Input data:

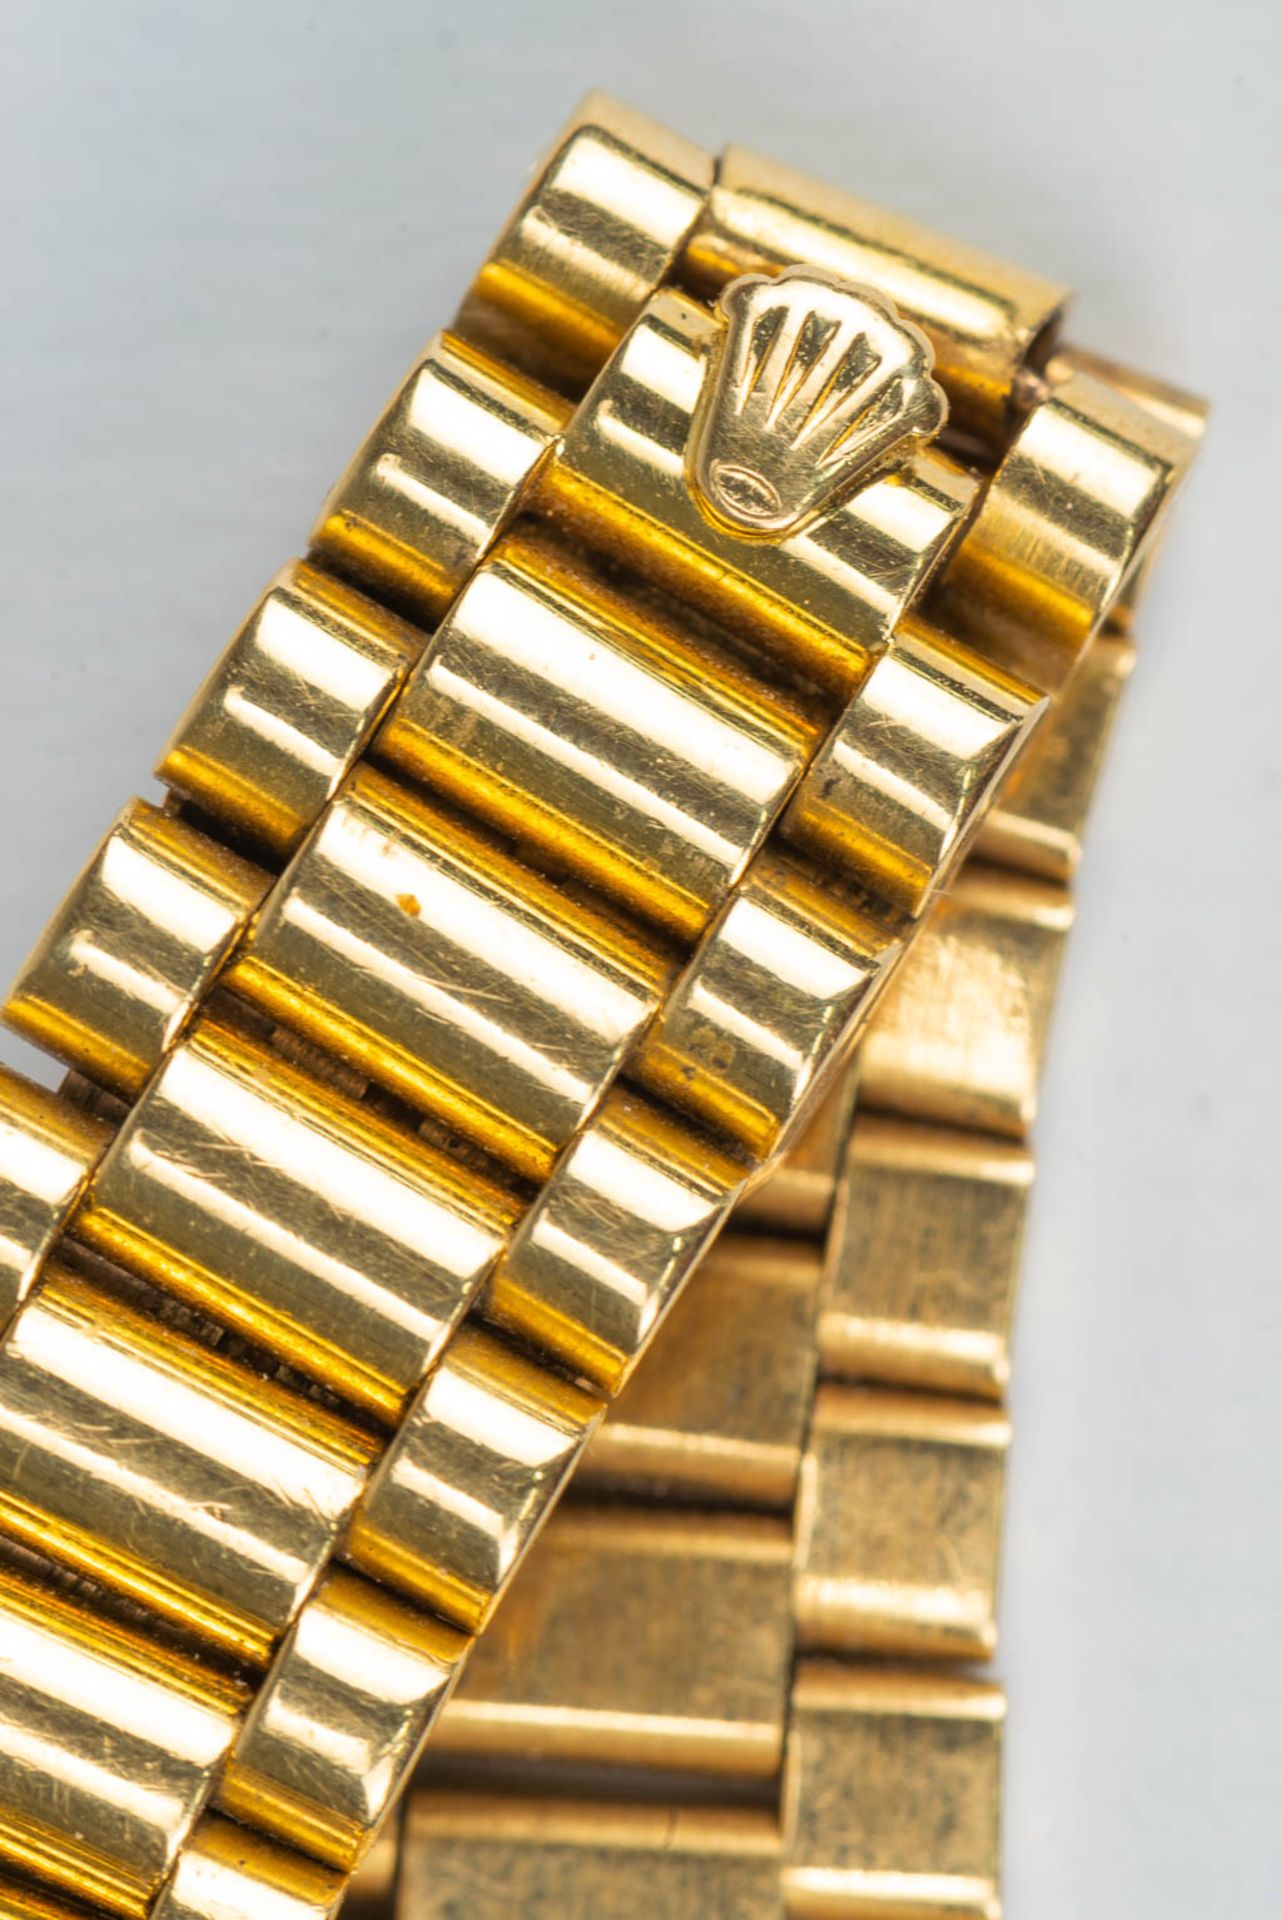 A Rolex Datejust ladies model 69178 made of 18kt gold with bracelet, original box and papers. 26mm. - Image 8 of 11
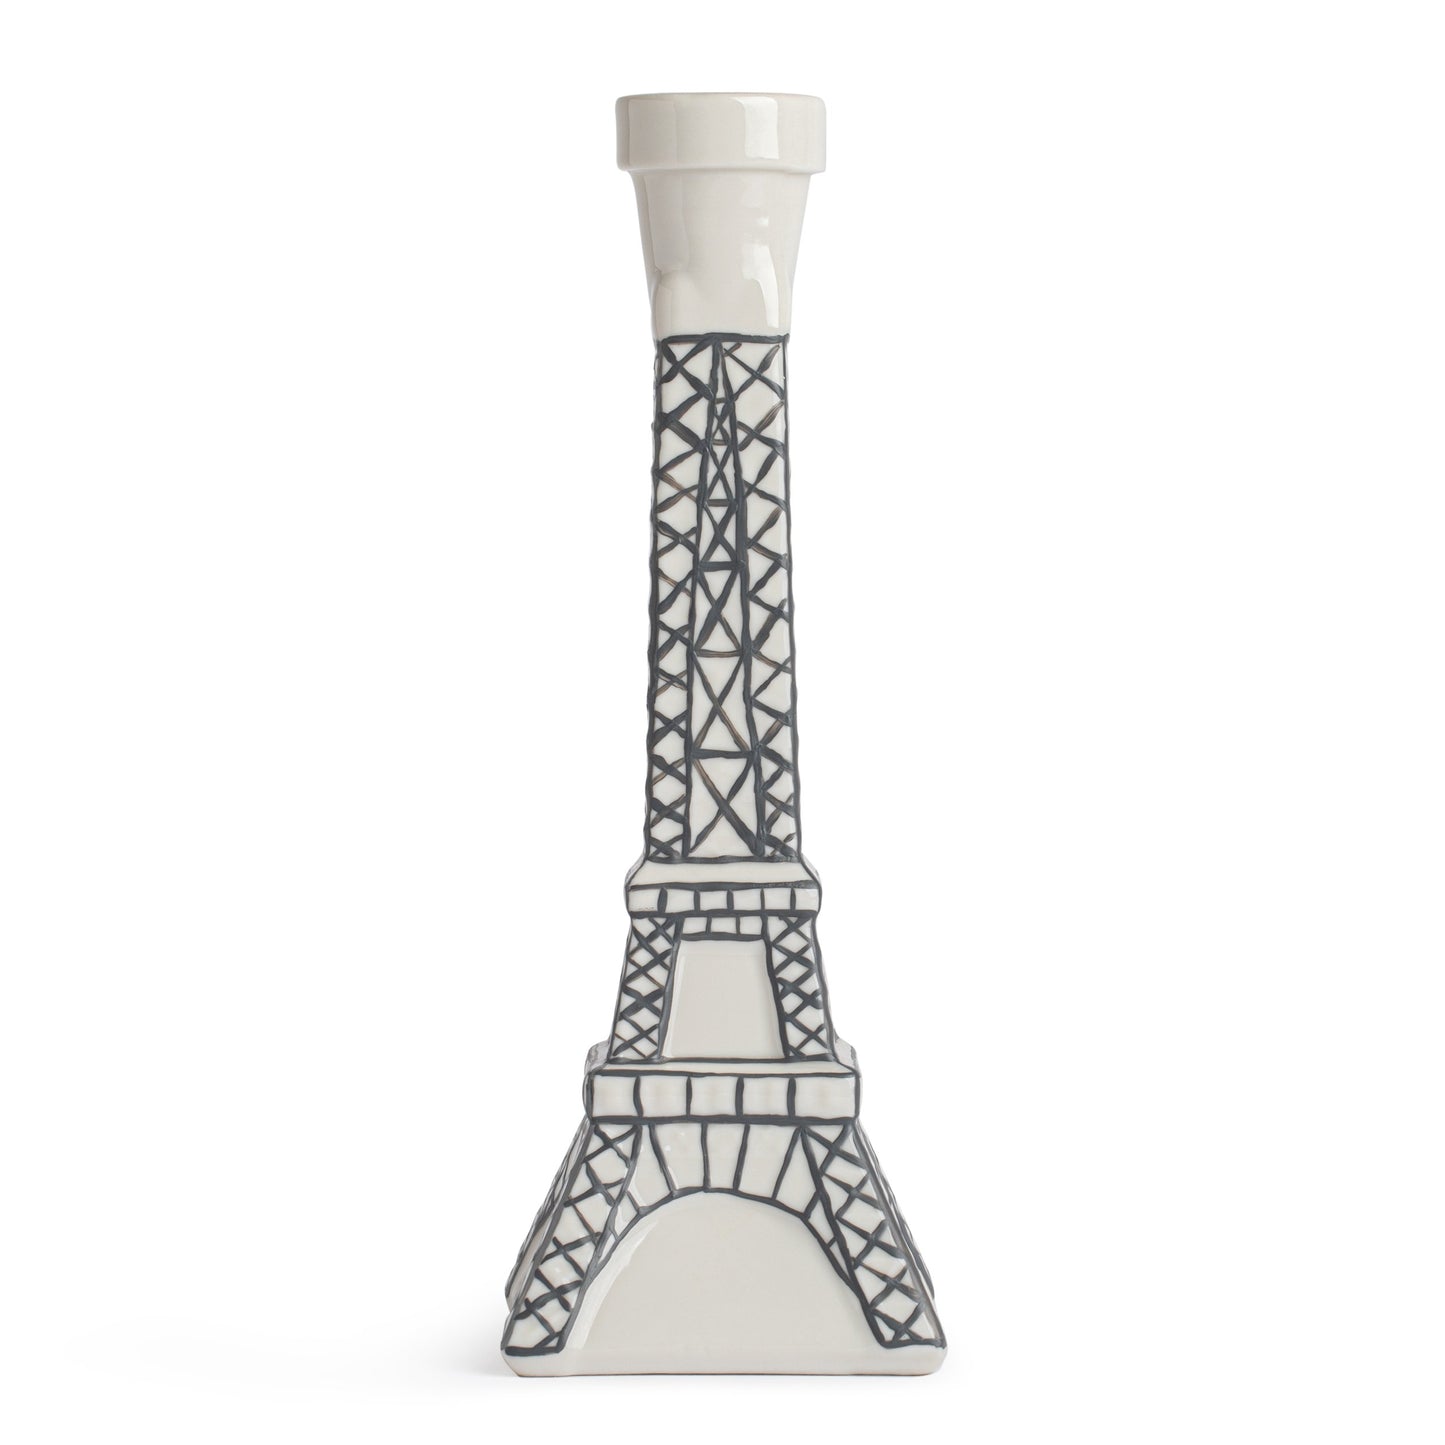 HAND PAINTED CANDLE HOLDER | EIFFEL TOWER
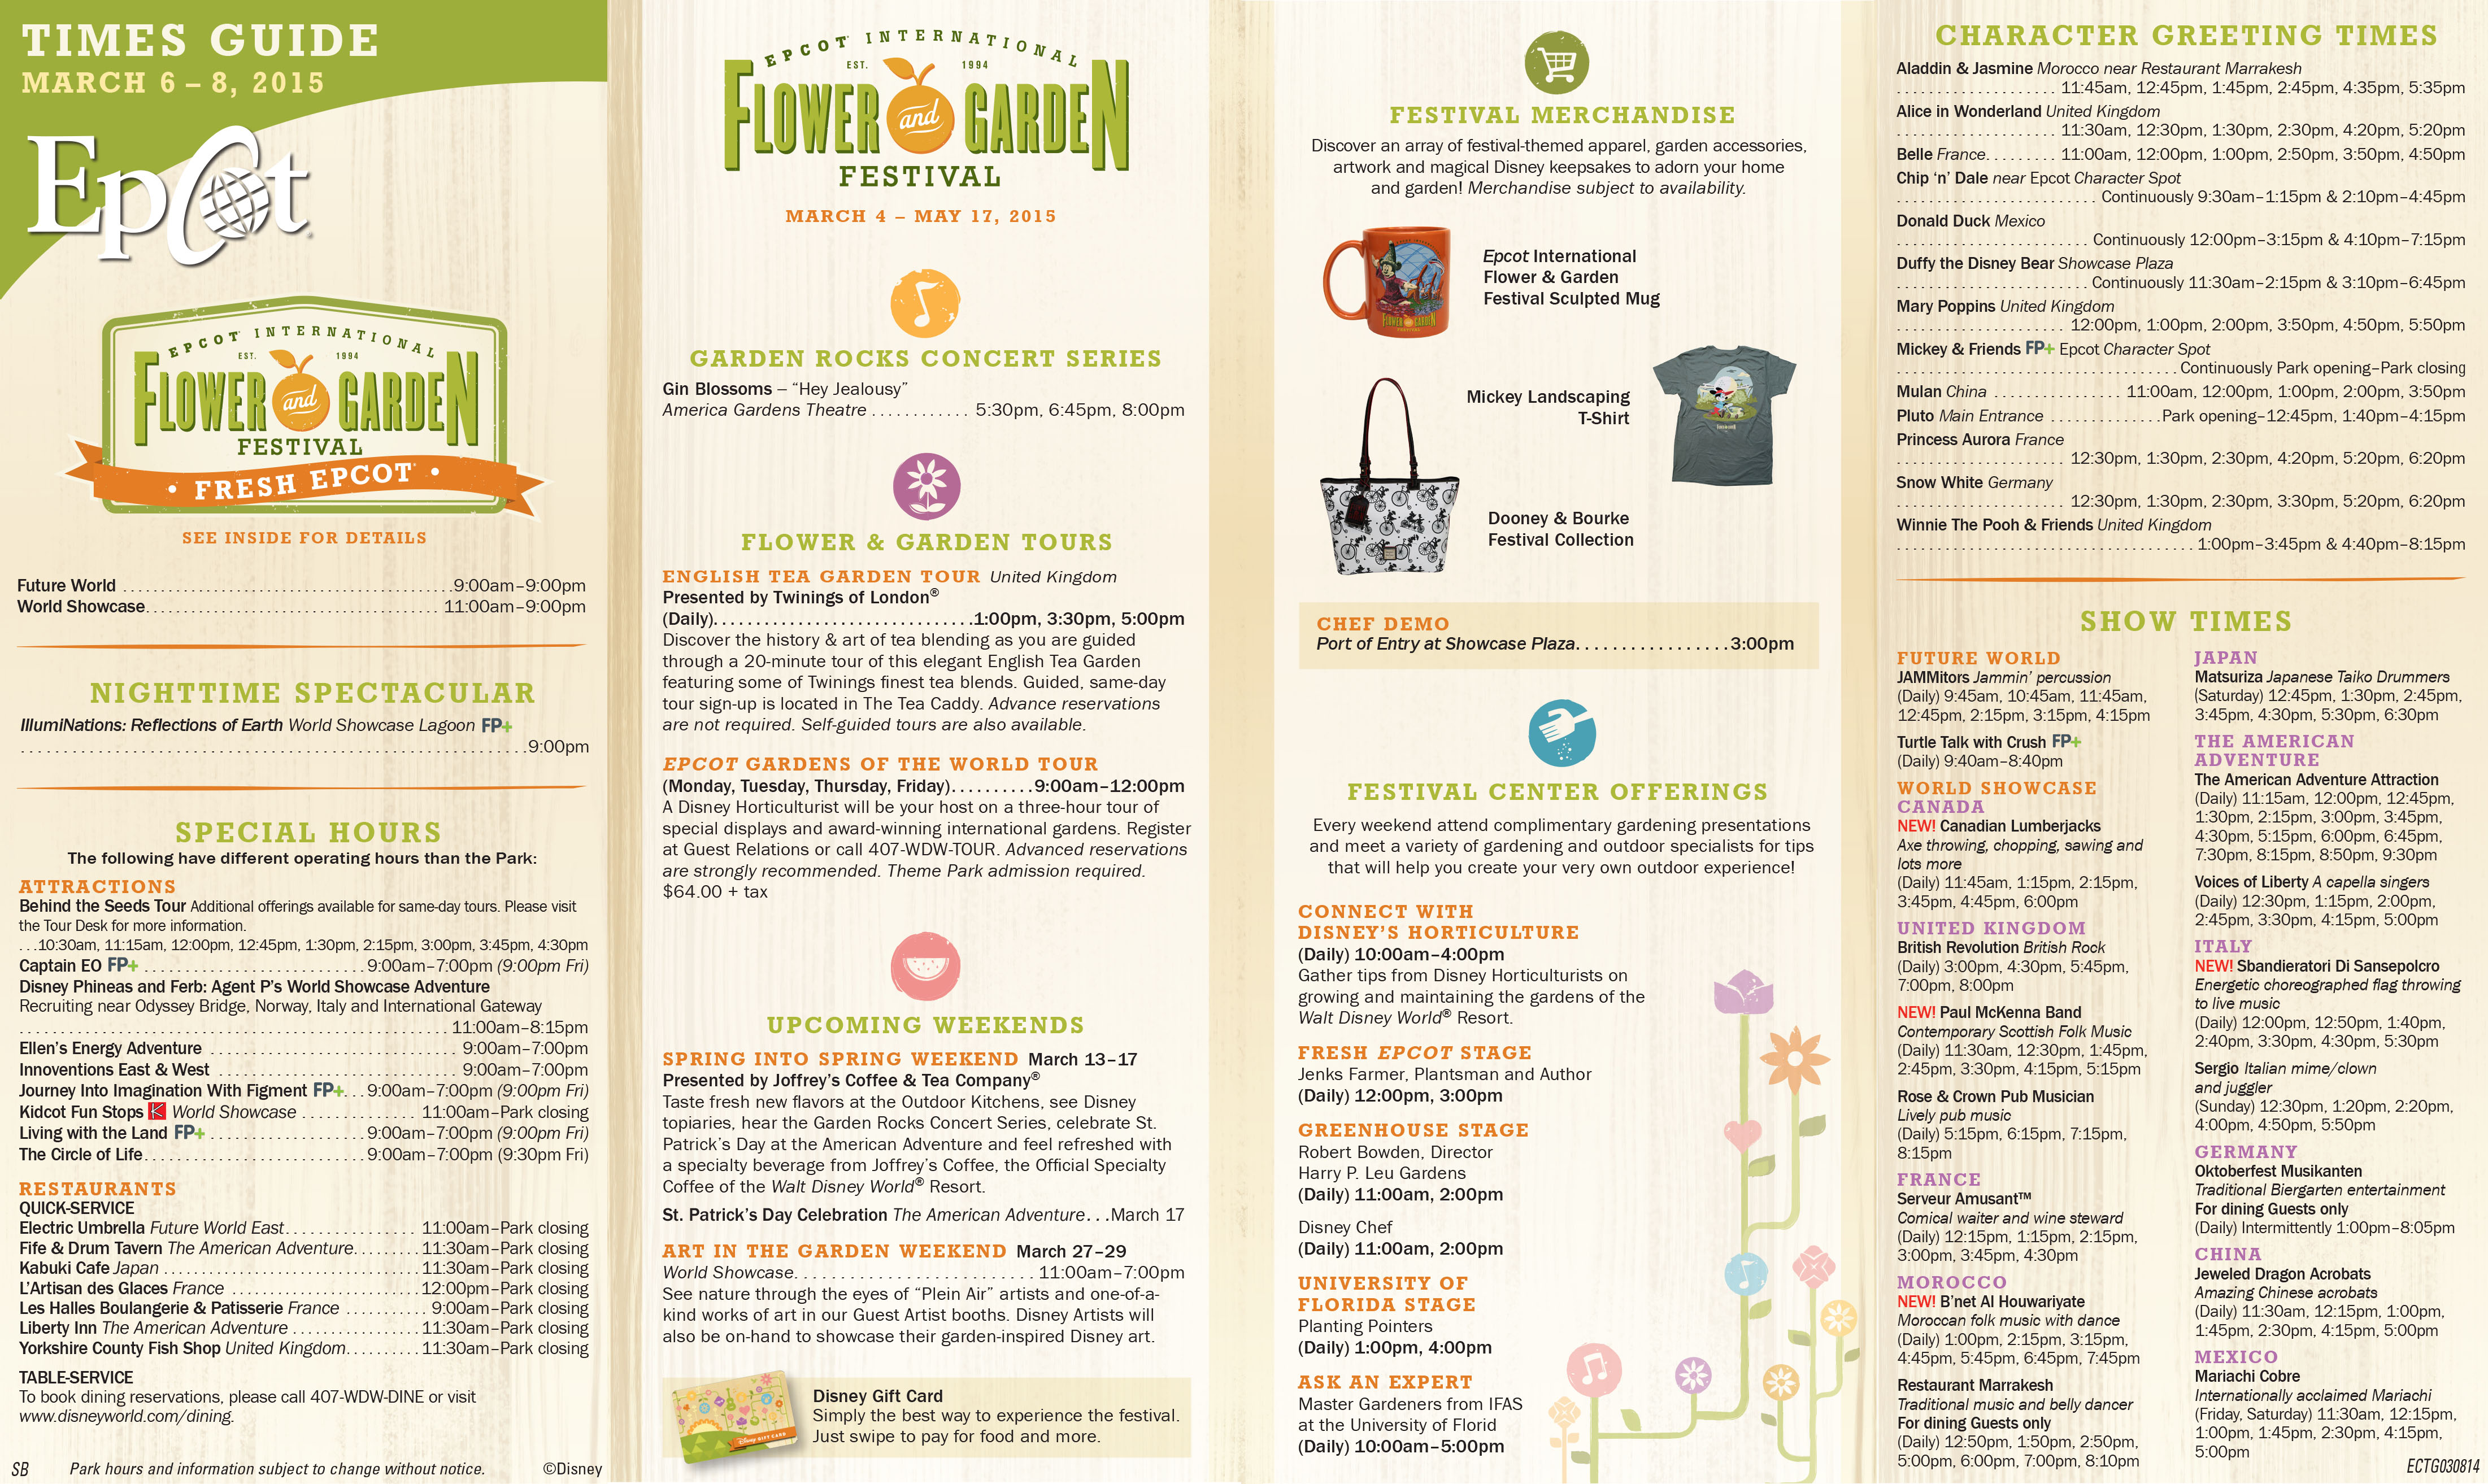 epcot flower and garden festival times guide | kennythepirate
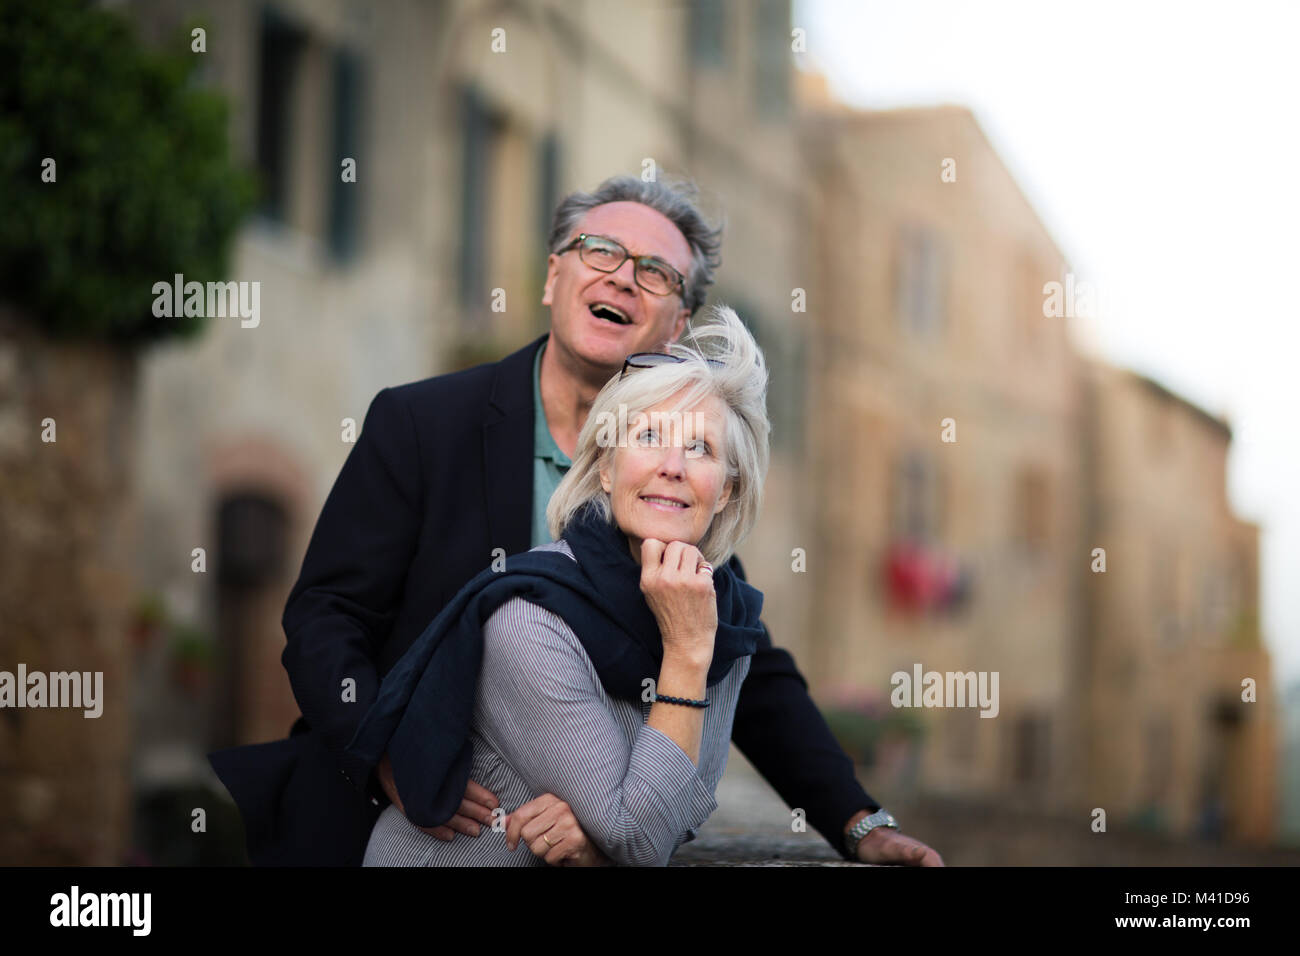 Senior couple on vacation looking at a tourist site Stock Photo

Goal of the exercise:
Transcribe all the lines above exactly, apart from the pictures.

Solution to this problem:
 A Rolex Datejust ladies model 69178 made of 18kt gold with bracelet, original box and papers. 26mm. - Image 8 of 11
 HAND PAINTED CANDLE HOLDER | EIFFEL TOWER
 epcot flower and garden festival times guide | kennythepirate
 Senior couple on vacation looking at a tourist site Stock Photo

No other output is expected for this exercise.